We determine, how the values of bioelectrical activity of synergistic muscles were changing during two different orientations of the pelvis. We observed a higher activity of the muscles (GM left side and RA both sides) when the position of the pelvis was backwards. Some studies showed [27, 28, 32–38, 59–61] that the increased activity of these muscles has contributed to increased PFM activity. According to muscle synergy rules, the hip joint muscles located in the vicinity of the PFM have an influence on their activity. A concurrent measurement of the activity of the PFM and the above-mentioned muscles at rest and during contraction has demonstrated the correlation between the examined groups of muscles [27, 28, 32–38]. Soljanik et al. [43] evaluated relations between the levator ani, GM muscle, and the fossa ischioanalis in healthy women. The authors demonstrated cooperation of these structures and revealed synchronous activation of the levator ani and GM in 97% of subjects. The study of Sapsford et al. [62] confirms the increased activity of the PFM and two abdominal muscles, obliquus internus abdominis and obliquus externus abdominis, during various sitting postures. Their highest activity was observed in the very tall unsupported postures. They conclude that unsupported sitting postures require greater pelvic floor muscle activity than the supported ones. Smith et al. [63] conducted a comparison of activity of the PFM and the abdominal muscles between continent and incontinent women in response to a postural perturbation. Women with incontinence demonstrated increased PFM and abdominal obliquus externus sEMG activity compared to continent women. By the authors, in women with more severe symptoms, activity of the abdominal muscles was higher and PFM activity could be insufficient to control continence. Therefore, it is important to assess not only the PFM but also muscles influencing the pelvic floor indirectly.

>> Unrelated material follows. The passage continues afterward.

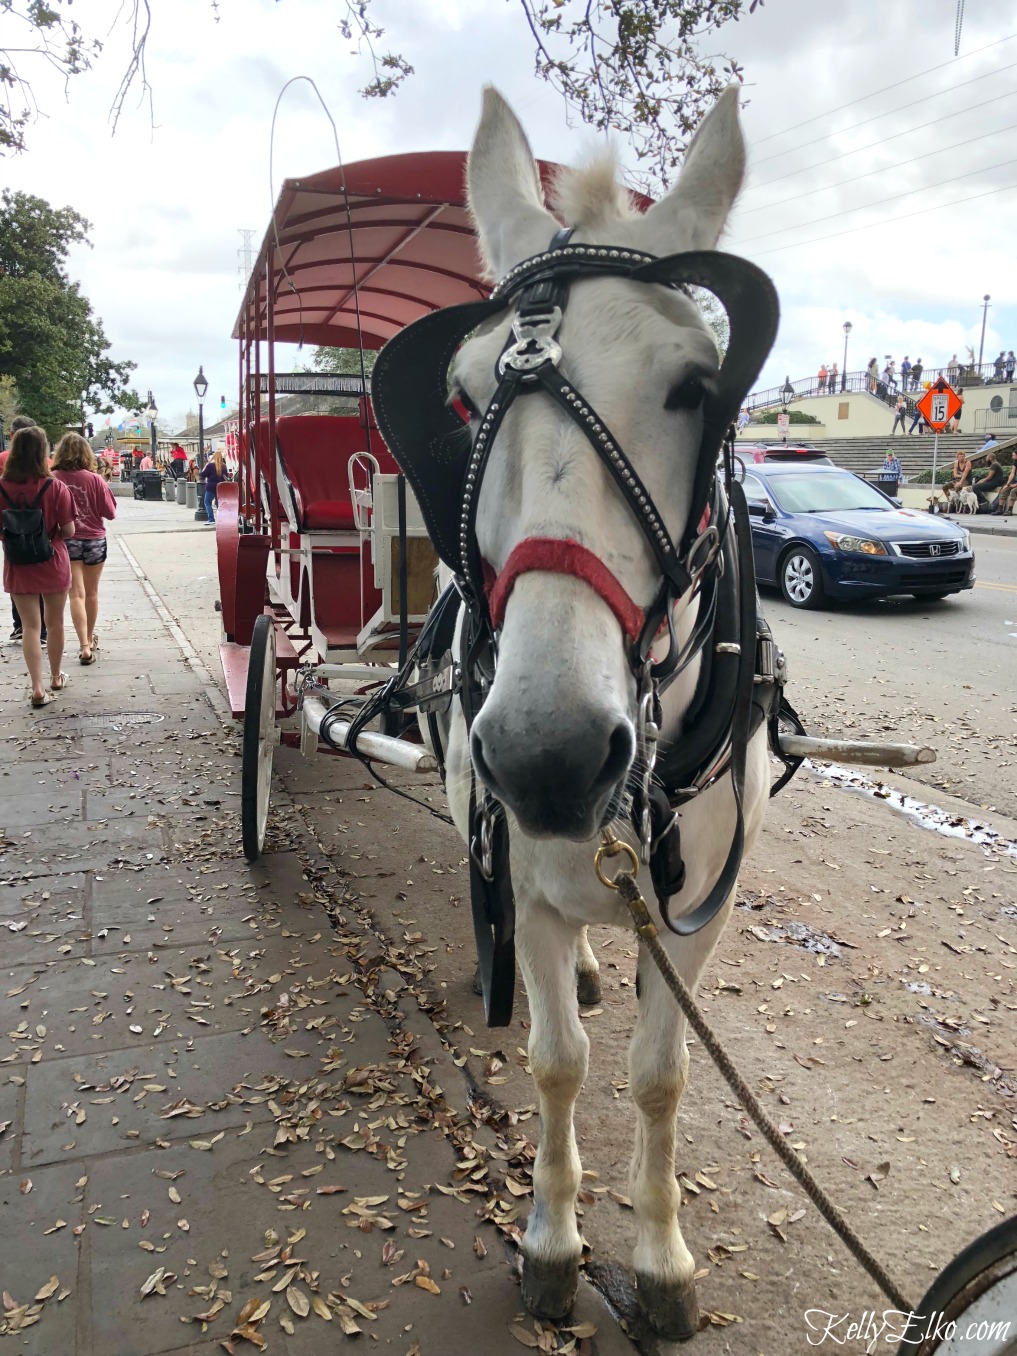 Best of New Orleans - what to see, do and eat. A horse drawn carriage is a fun way to explore NOLA kellyelko.com #neworleans #nola #travel #vacation #horse
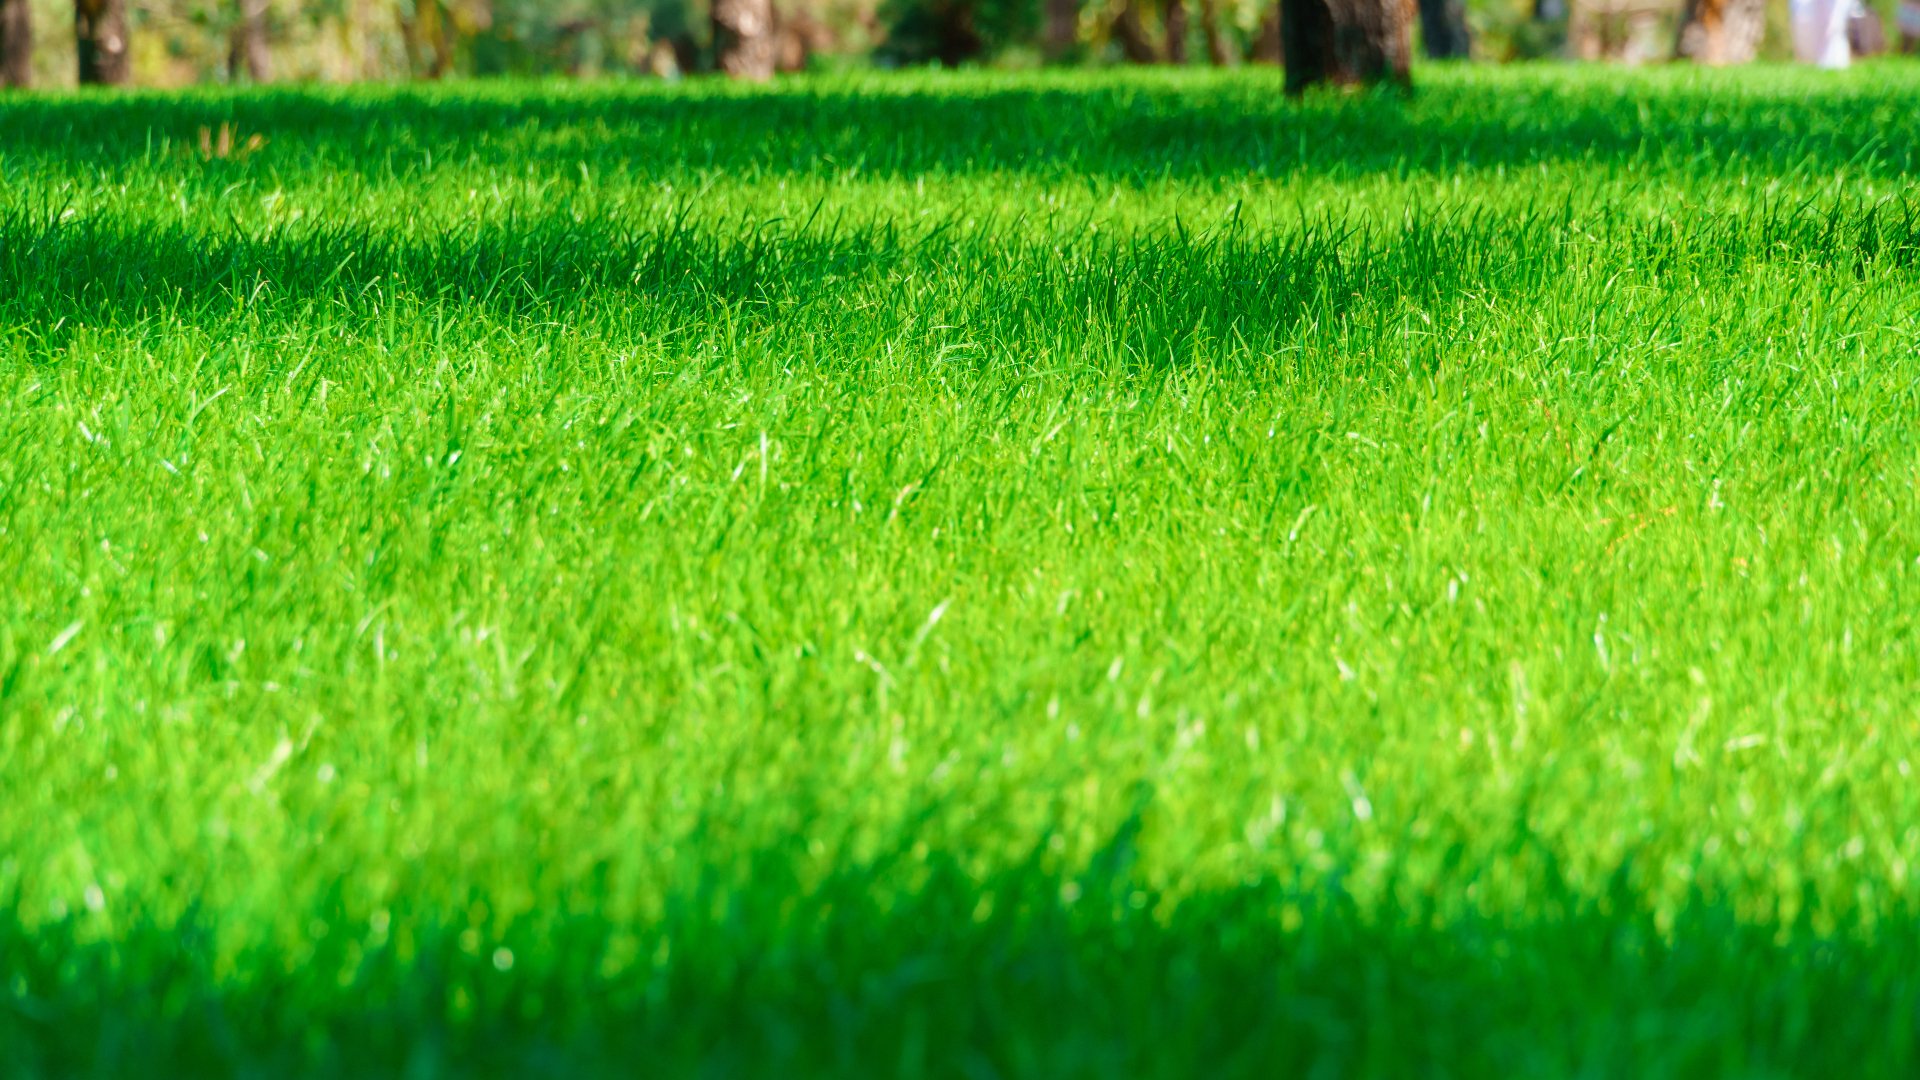 What Nutrients Does Your Lawn Need to Grow Healthy & Beautiful?

These studies [32–38, 61–65] have contributed to the verification of the opinion that evaluation and training of synergistic muscles are necessary during the conservative treatment of SUI.

Attention should be given to the practical implications of this study. During the treatment of patients with SUI, exercises of synergistic muscles should also be conducted. The position of the pelvis setting backwards increases the activity of these muscles. The authors believe that the physiotherapy exercise procedure should take into account the position in which the pelvis is set, being a posterior pelvic tilt.

5.1. Limitation of the Study

The small number of participants and lack of a control group were limitations of the study. This study will be continued among menopausal women with SUI and without SUI (a control group).

6. Conclusion

This preliminary study does not provide initial evidence that pelvic tilt influences PFM activation. Although different activity of synergistic muscles occurs in various orientations of the pelvic tilt, it does not have to affect the sEMG activity of the PFM. Further studies with a control group will contribute to a more accurate assessment of dependence between pelvic tilt and PFM activity.